··· Data segment

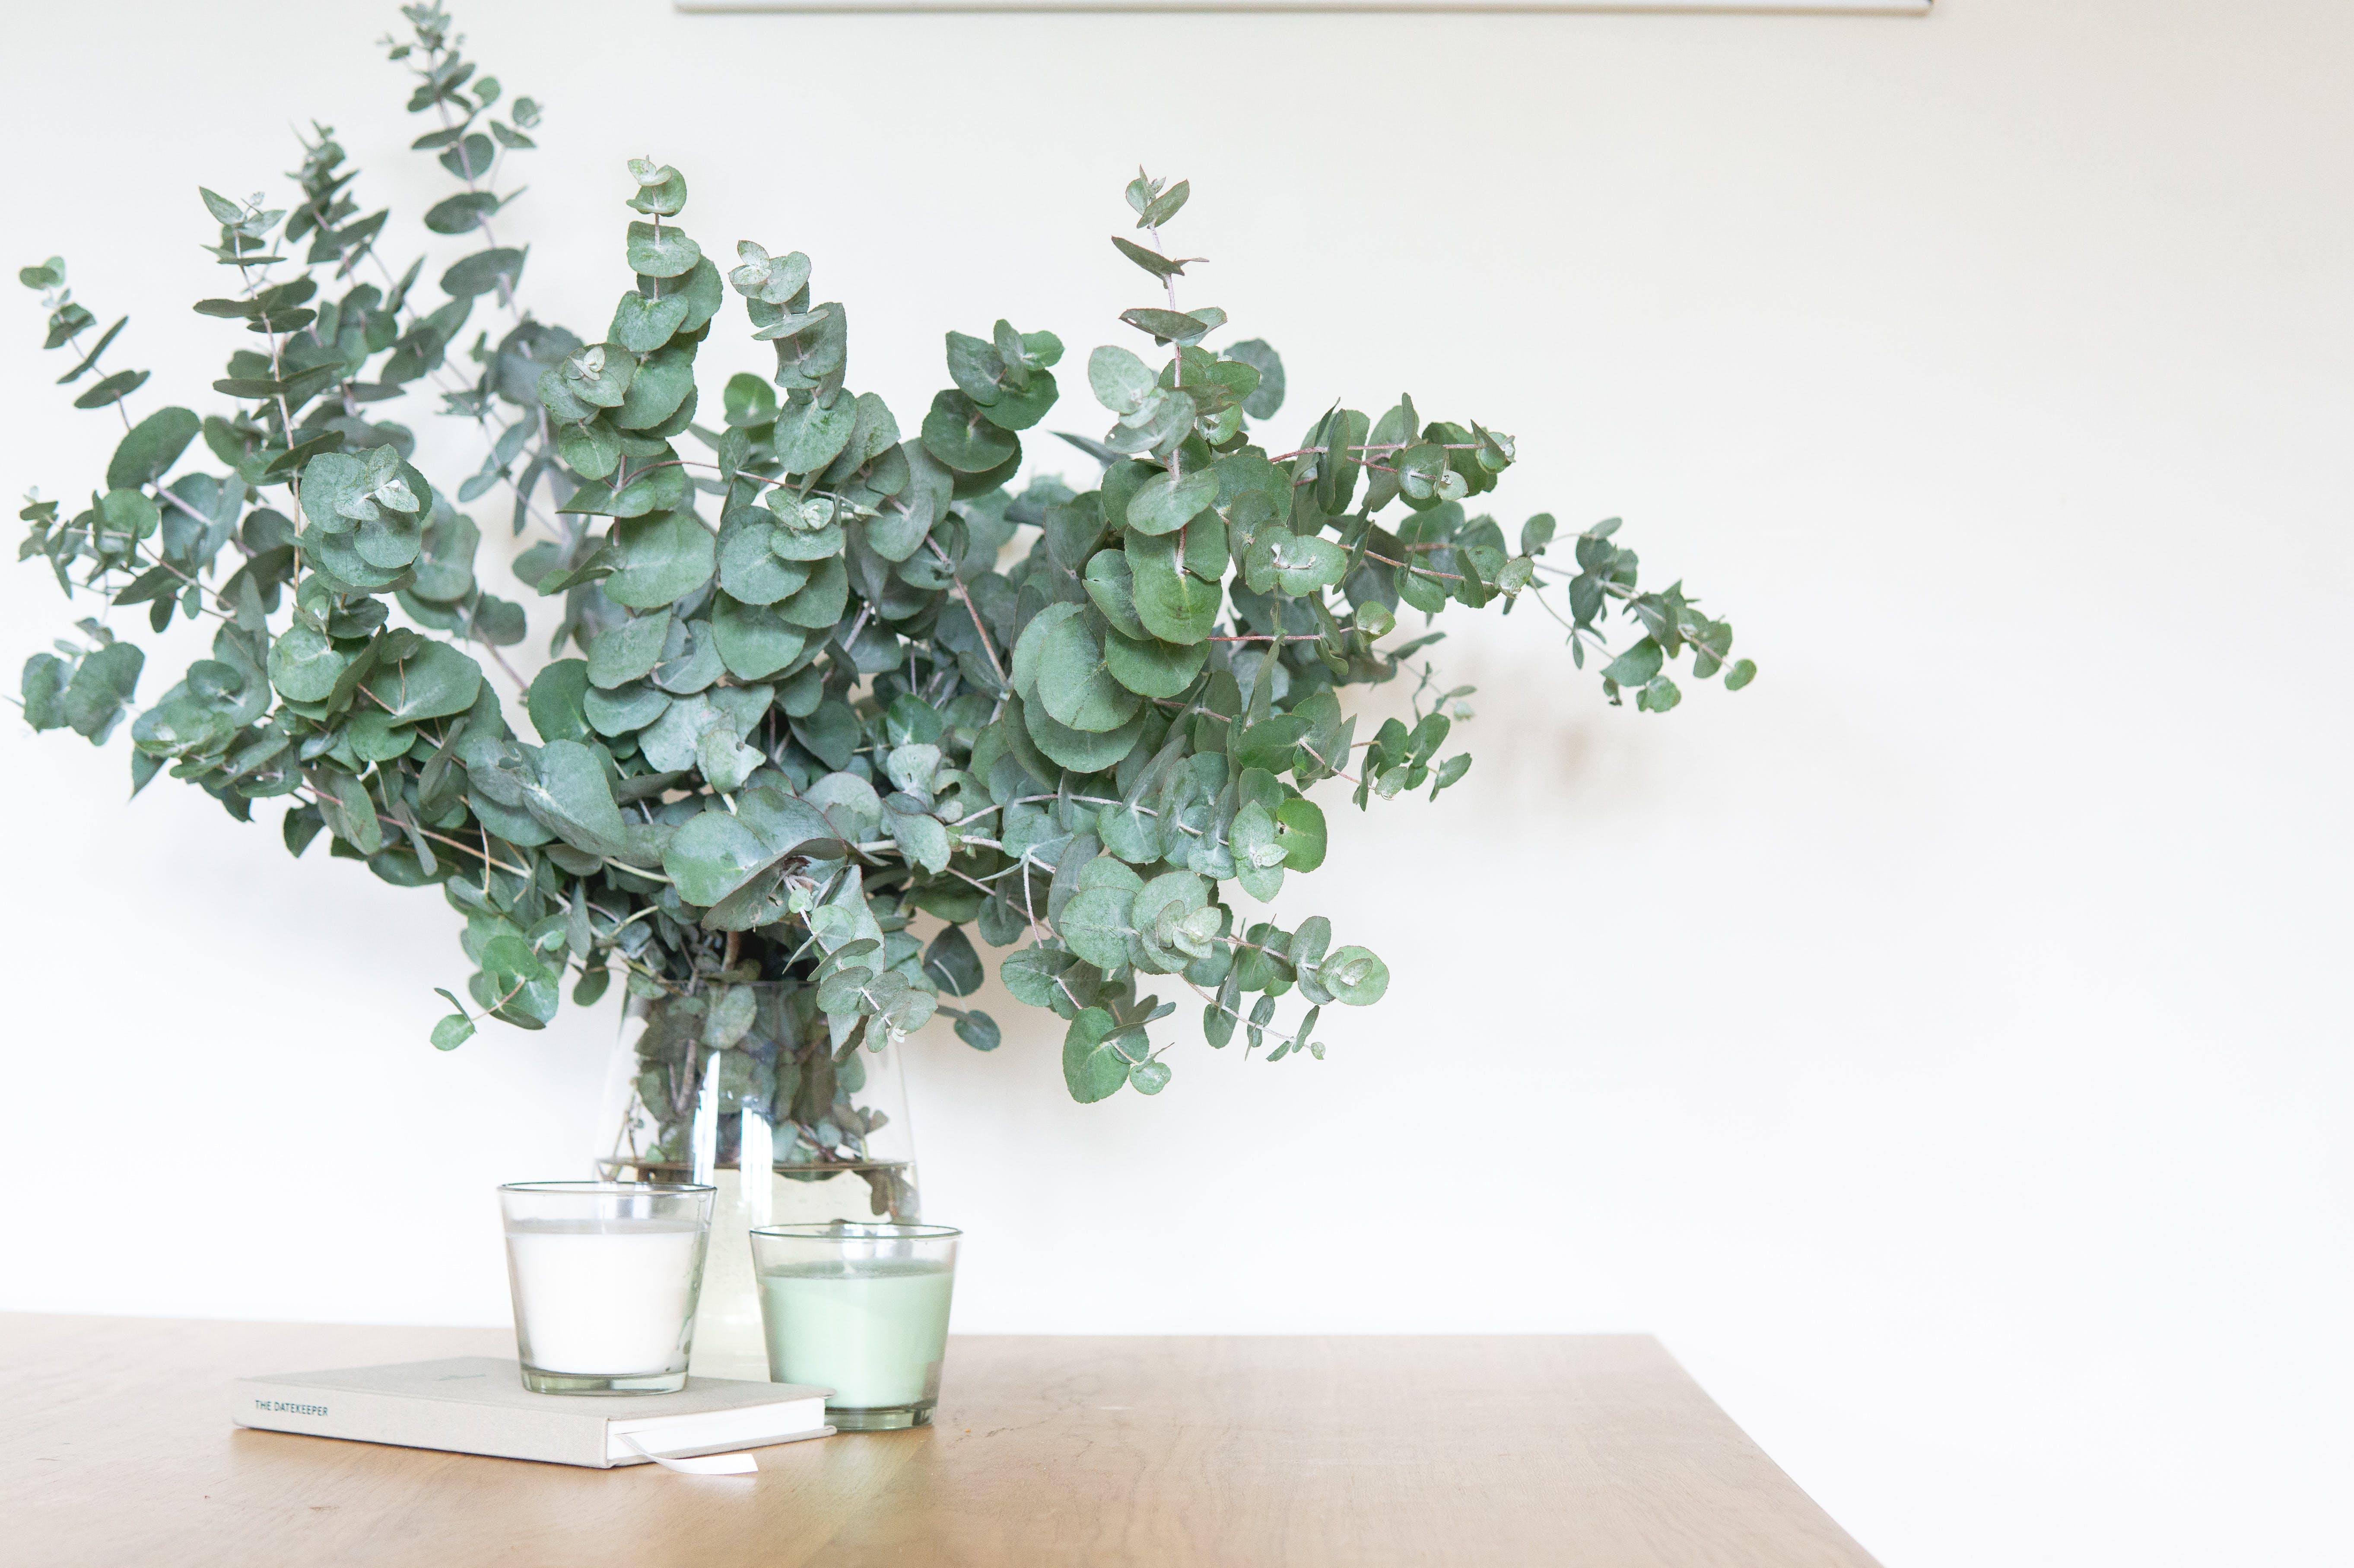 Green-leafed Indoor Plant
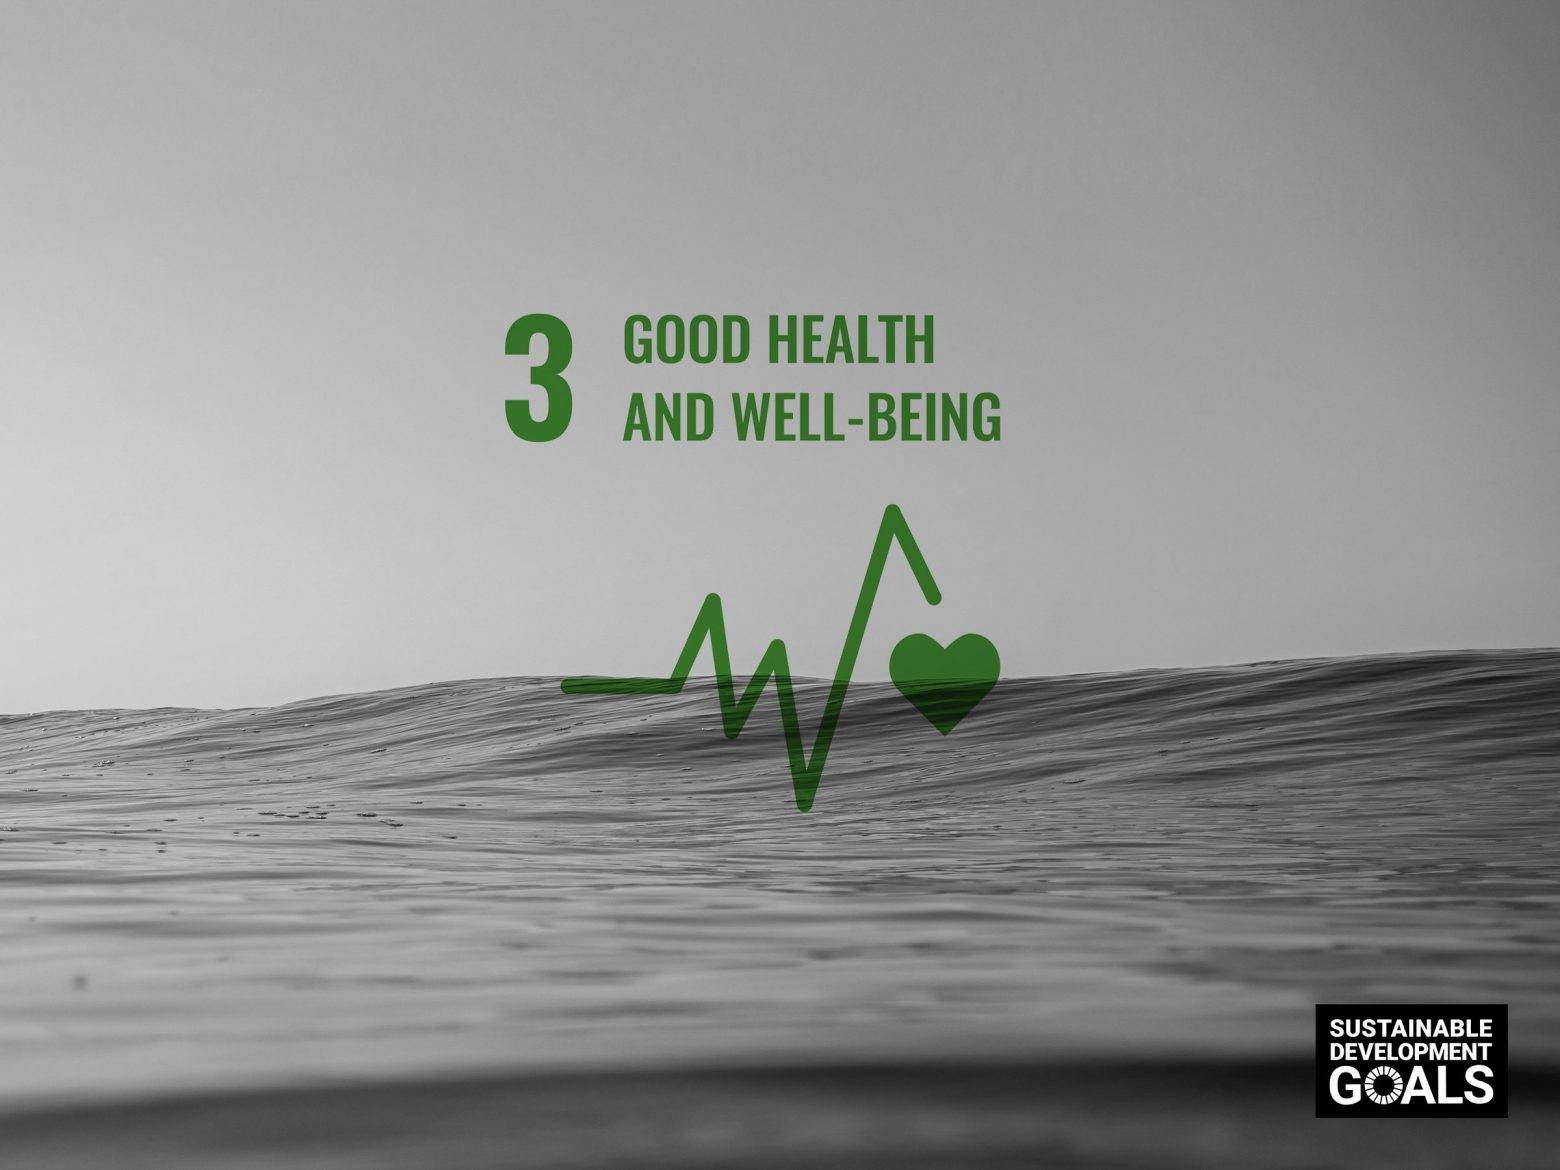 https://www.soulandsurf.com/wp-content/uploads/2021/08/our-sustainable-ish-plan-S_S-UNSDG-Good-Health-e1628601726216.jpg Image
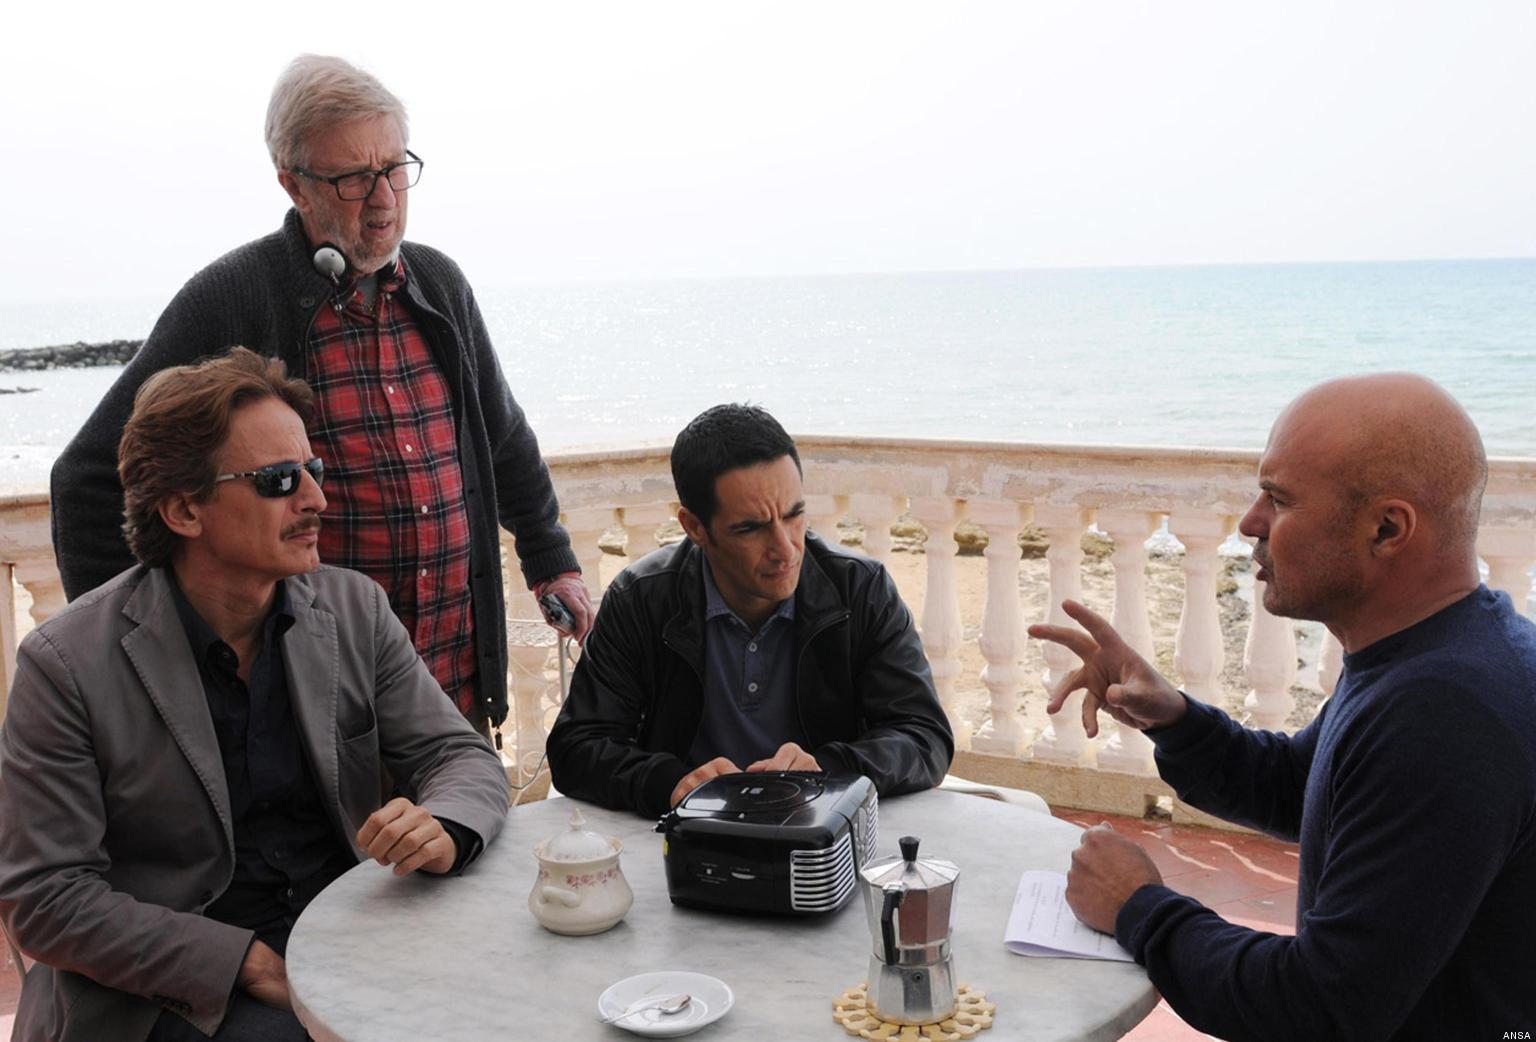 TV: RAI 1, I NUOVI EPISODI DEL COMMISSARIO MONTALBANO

······

--- Exercise instructions ---
Omit all images when repeating the data above exactly.

--- Response to the exercise ---
 Green-leafed Indoor Plant
 https://www.soulandsurf.com/wp-content/uploads/2021/08/our-sustainable-ish-plan-S_S-UNSDG-Good-Health-e1628601726216.jpg Image
 TV: RAI 1, I NUOVI EPISODI DEL COMMISSARIO MONTALBANO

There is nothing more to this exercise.